## THE INPUT:

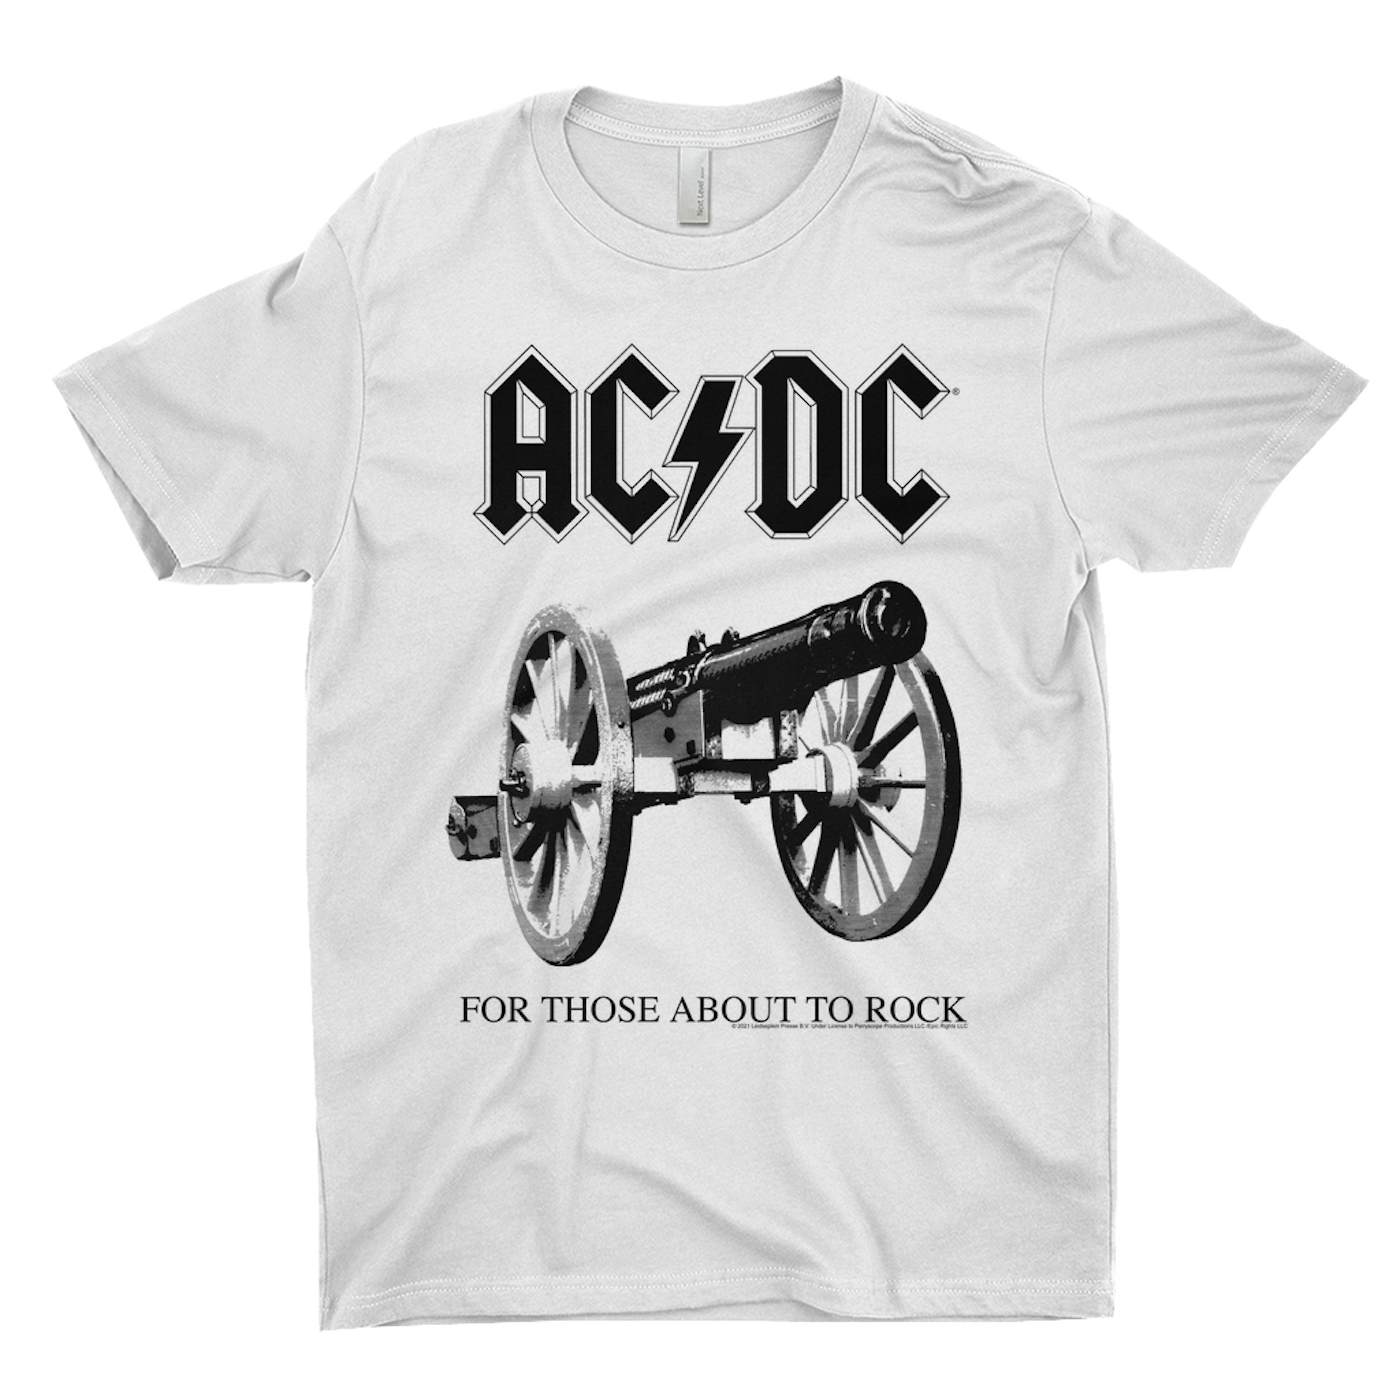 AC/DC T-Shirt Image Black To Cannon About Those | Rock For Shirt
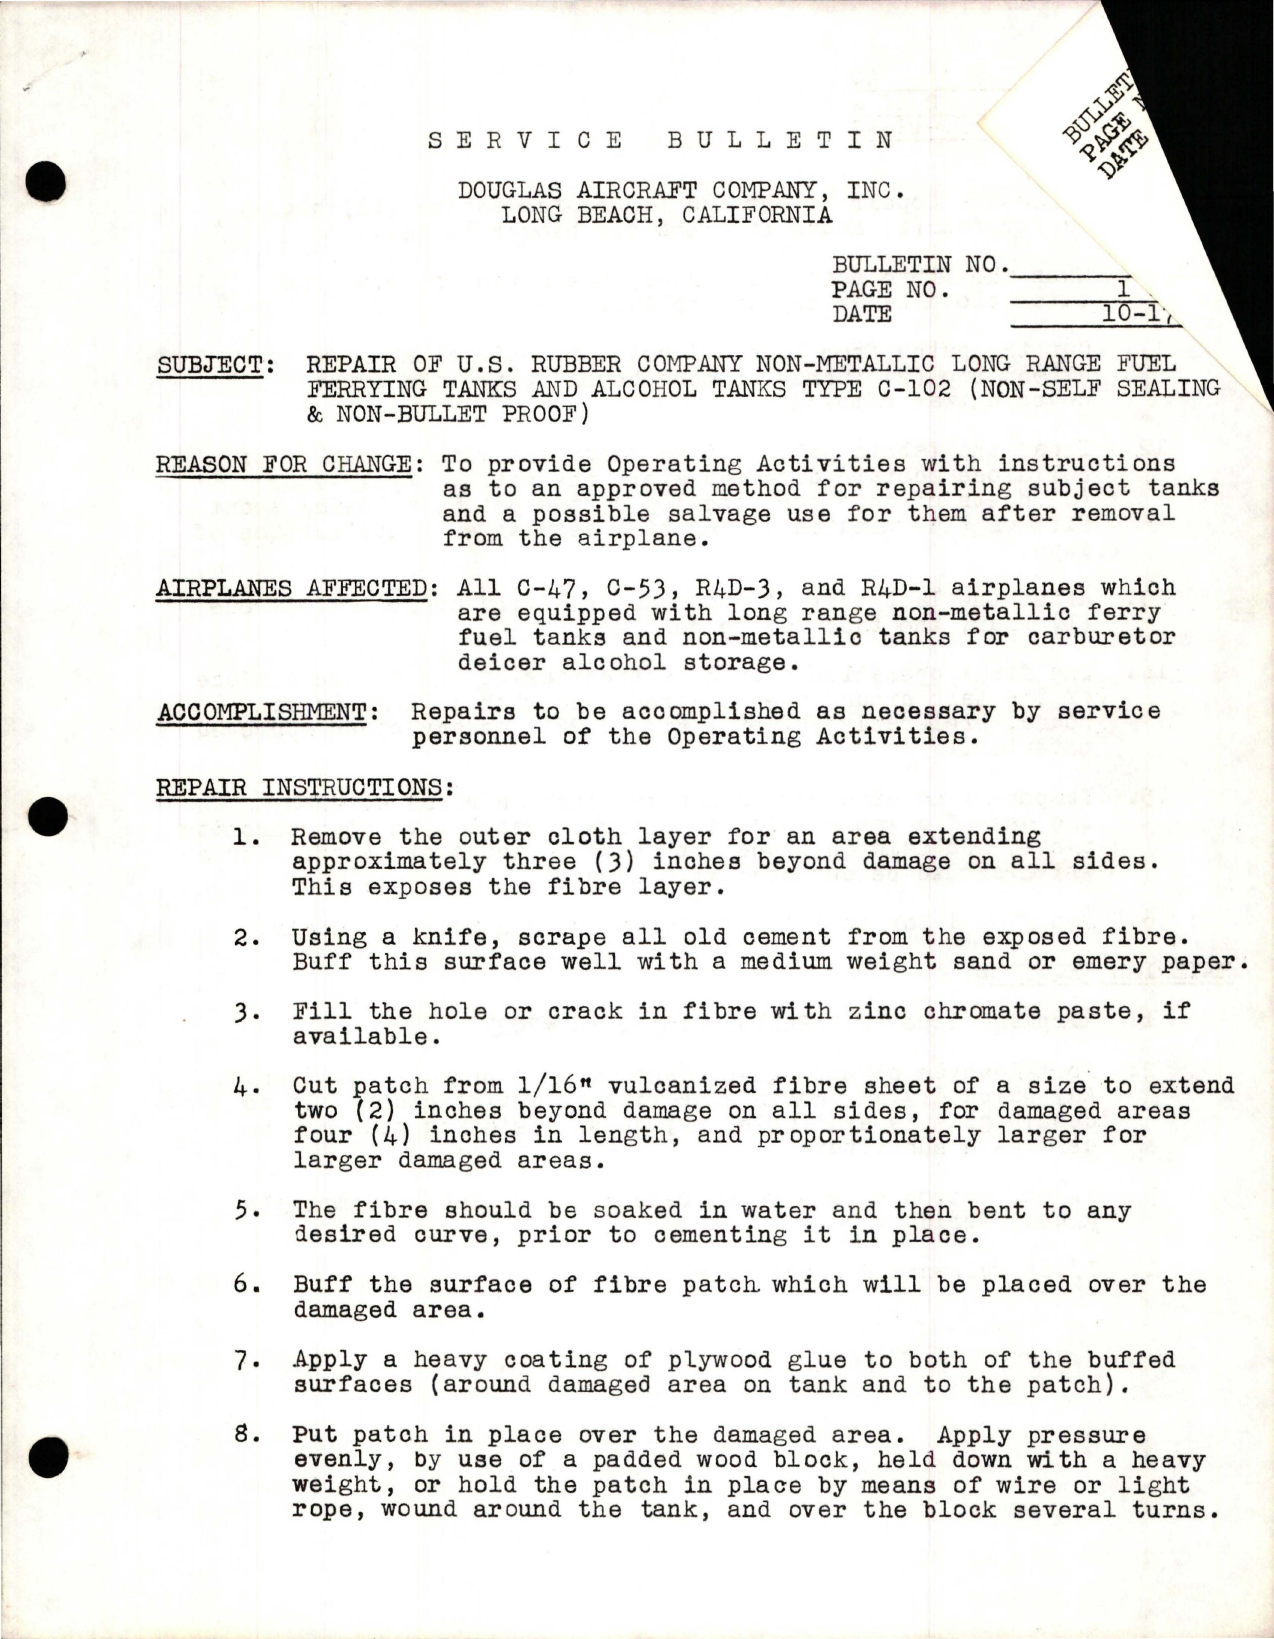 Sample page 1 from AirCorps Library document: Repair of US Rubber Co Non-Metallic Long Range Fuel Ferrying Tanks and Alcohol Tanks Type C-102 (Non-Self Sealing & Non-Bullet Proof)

---

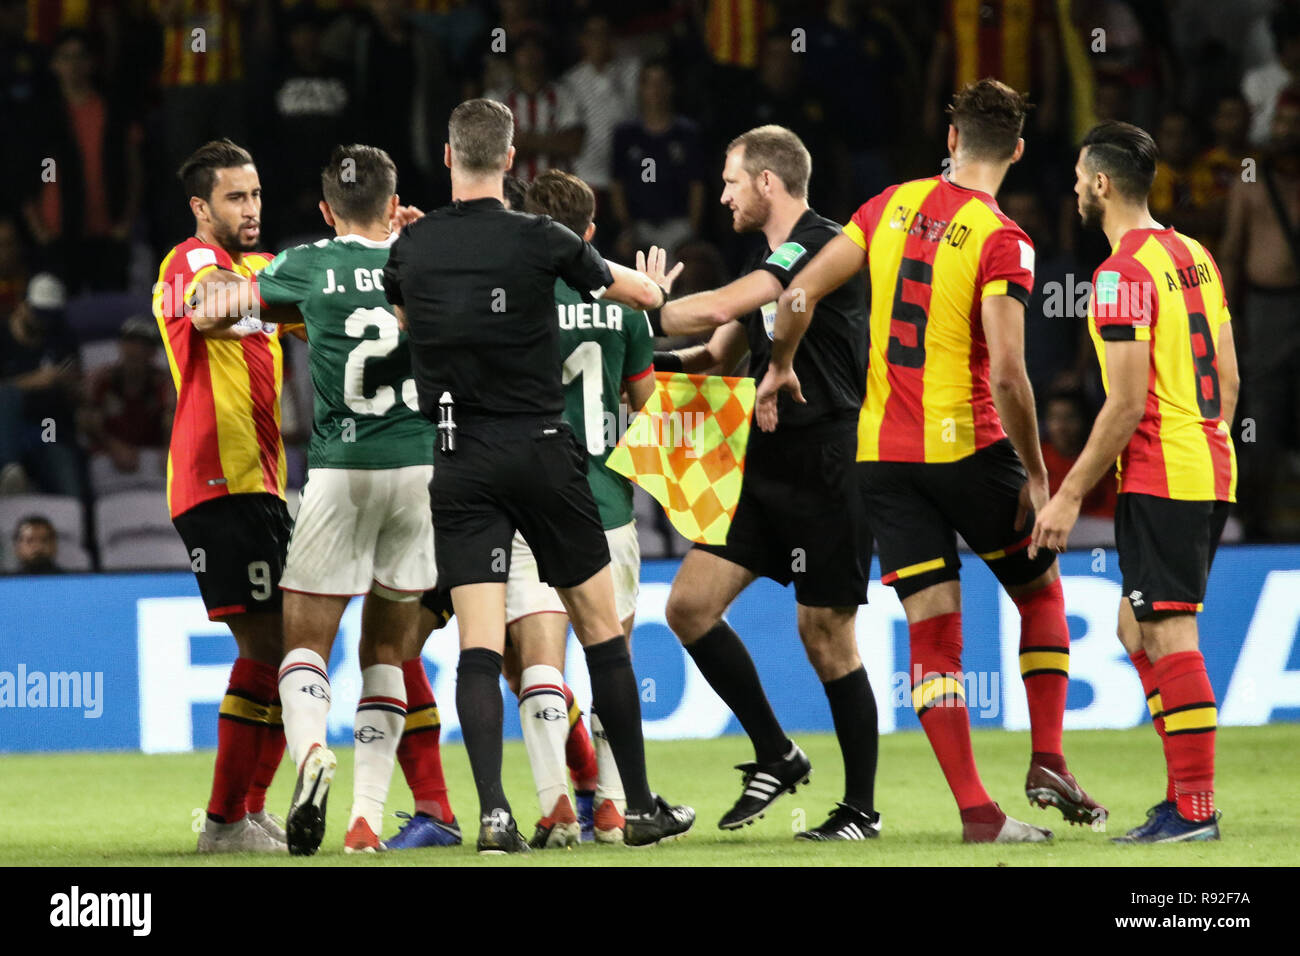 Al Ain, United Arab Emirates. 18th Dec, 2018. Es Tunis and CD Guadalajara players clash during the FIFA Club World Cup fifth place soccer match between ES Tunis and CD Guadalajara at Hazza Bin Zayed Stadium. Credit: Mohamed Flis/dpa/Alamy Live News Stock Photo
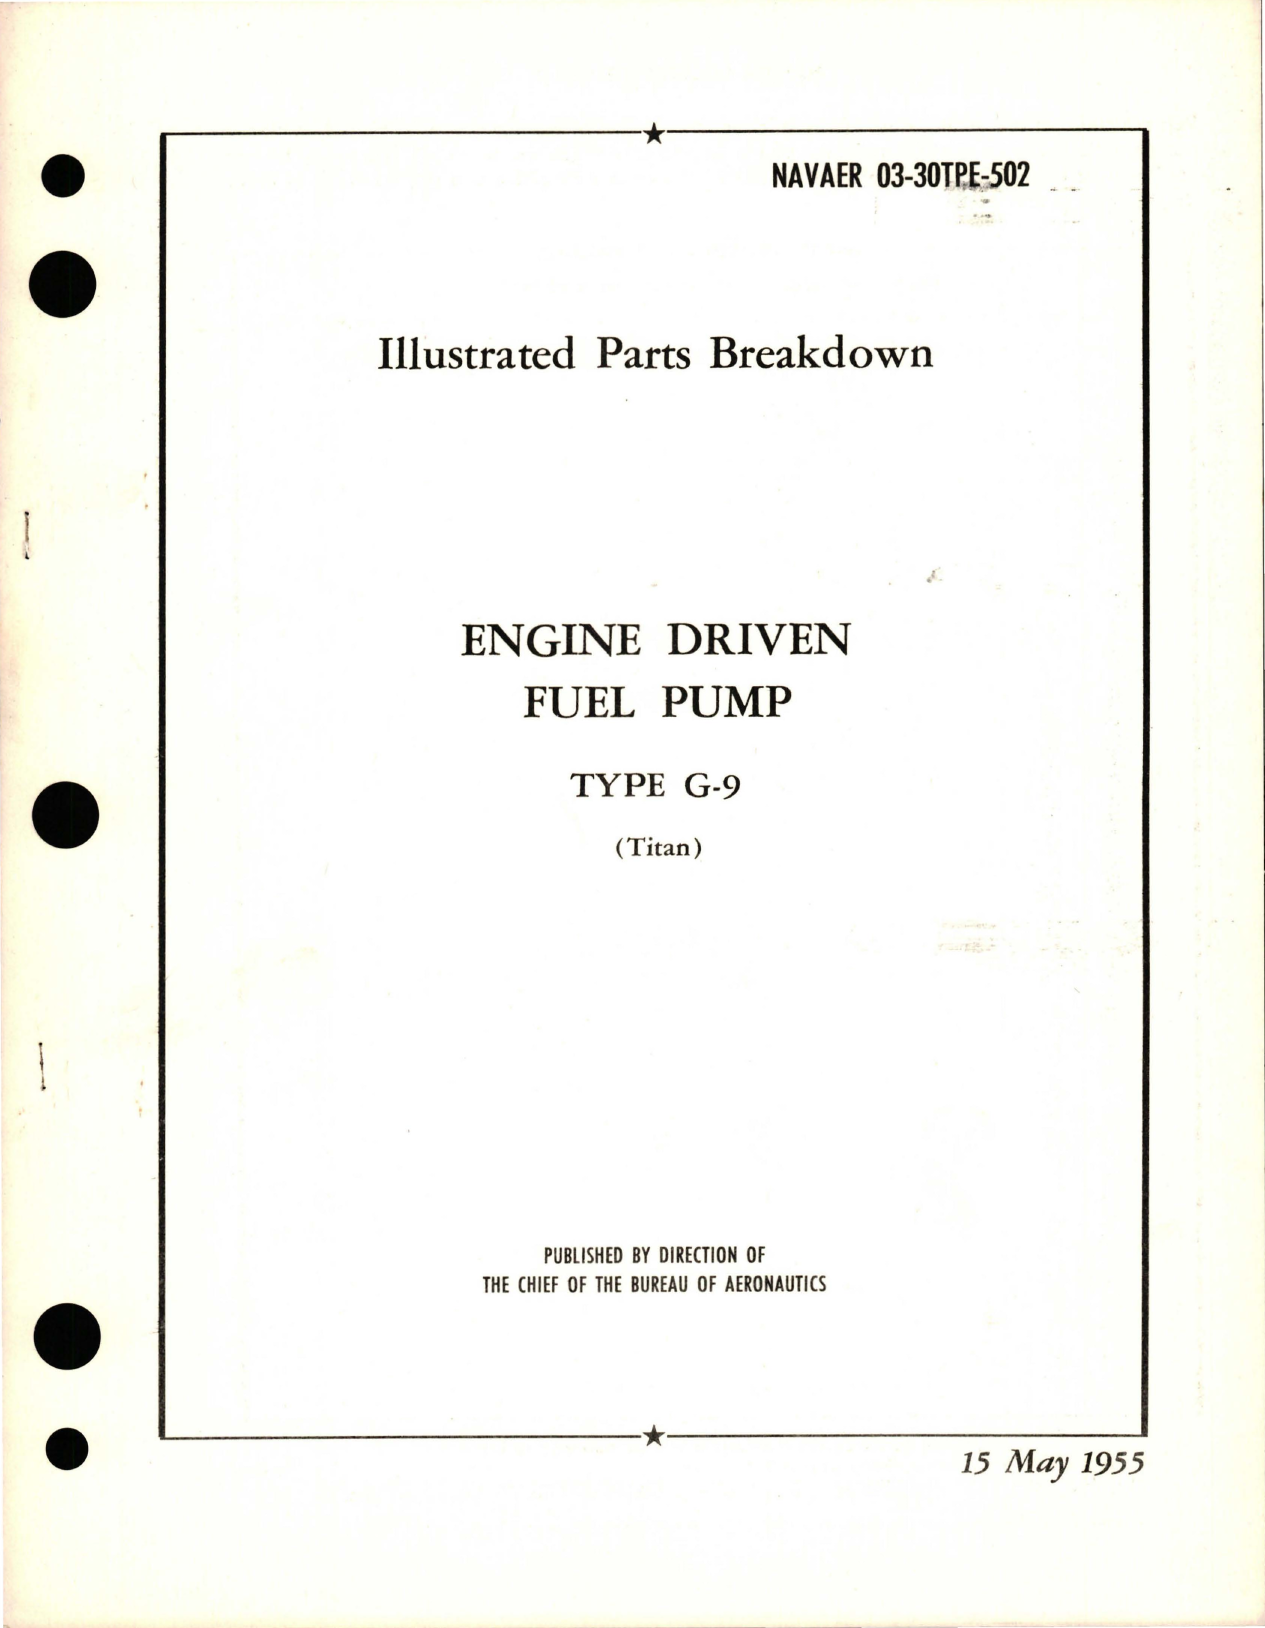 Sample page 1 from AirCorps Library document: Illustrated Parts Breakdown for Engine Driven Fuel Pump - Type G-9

## WHAT NEEDS TO BE DONE:
In the listing above, find the line with "Al Ain, United" and the line with "Sample page 1 from AirCorps Library document: Illustrated". Copy both of them and every line between, exactly, but not the pictures.

## ANSWER SECTION:
 Al Ain, United Arab Emirates. 18th Dec, 2018. Es Tunis and CD Guadalajara players clash during the FIFA Club World Cup fifth place soccer match between ES Tunis and CD Guadalajara at Hazza Bin Zayed Stadium. Credit: Mohamed Flis/dpa/Alamy Live News Stock Photo
 Sample page 1 from AirCorps Library document: Illustrated Parts Breakdown for Engine Driven Fuel Pump - Type G-9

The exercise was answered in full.